Moreover, Best also highlights further evidence in the form of continued strong submission flow and growth in the non-admitted/excess and surplus lines (E&S) market.

The agency also noted that “sharply higher” fixed-income re-investment rates have begun to significantly bolster operating profitability across virtually all commercial lines, especially within longer-tailed casualty.

Alan Murray, associate director, AM Best, commented: “Pricing momentum remains positive for most classes of business, with the notable exception of workers’ compensation and certain management liability classes.”

Another key factor to highlight, is that reserve development from prior period exposures is expected to be favorable overall for commercial lines, but at lower levels than in the past few years.

However, Best states that expected reserve development from prior period exposures will vary widely by line of business.

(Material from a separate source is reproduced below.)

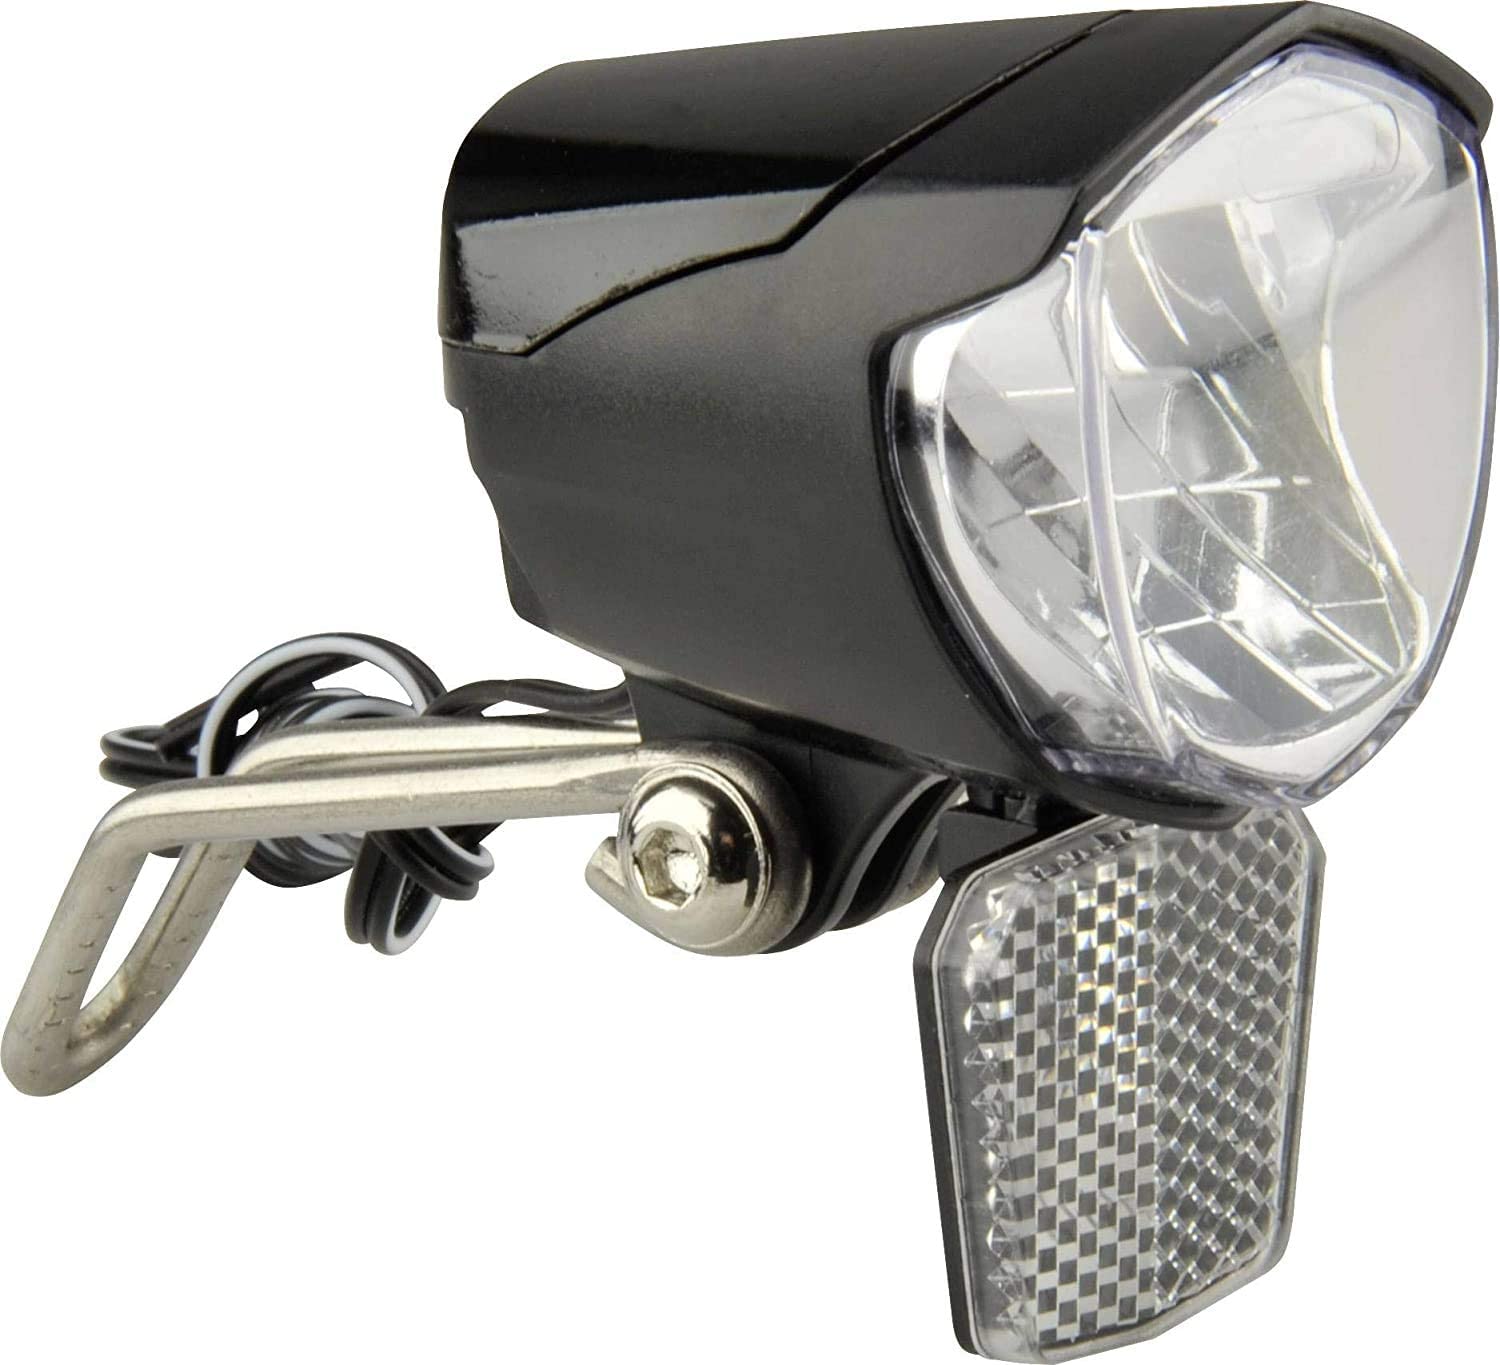 nean CREE LED 30 LUX Fahrrad Dynamo Frontleuchte mit Lichtautomatik u

Further, the agency is also citing a number of near-term concerns that could wind up impacting the US commercial lines segment.

The main one among them is the fact that economic inflation remains “stubbornly elevated”, despite central bank actions to moderate.

At the same time, social inflation, including jury awards and litigation costs, are continuing to rise, which as a result is affecting loss costs in the casualty lines of business.

Both domestic and geopolitical risks, including congressional gridlock, are noted by Best as factors that have the potential to sharply heighten commercial and economic risks relevant to the US P&C commercial lines segment.

Lastly, Best noted that the stable outlook on the US commercial lines segment reflects their expectation that the segment will remain profitable in aggregate and will also be resilient in the face of near- and longer-term challenges.

The outlook also reflects the stable outlooks on the commercial property and workers’ compensation lines, as well as the positive outlook for the excess & surplus lines market.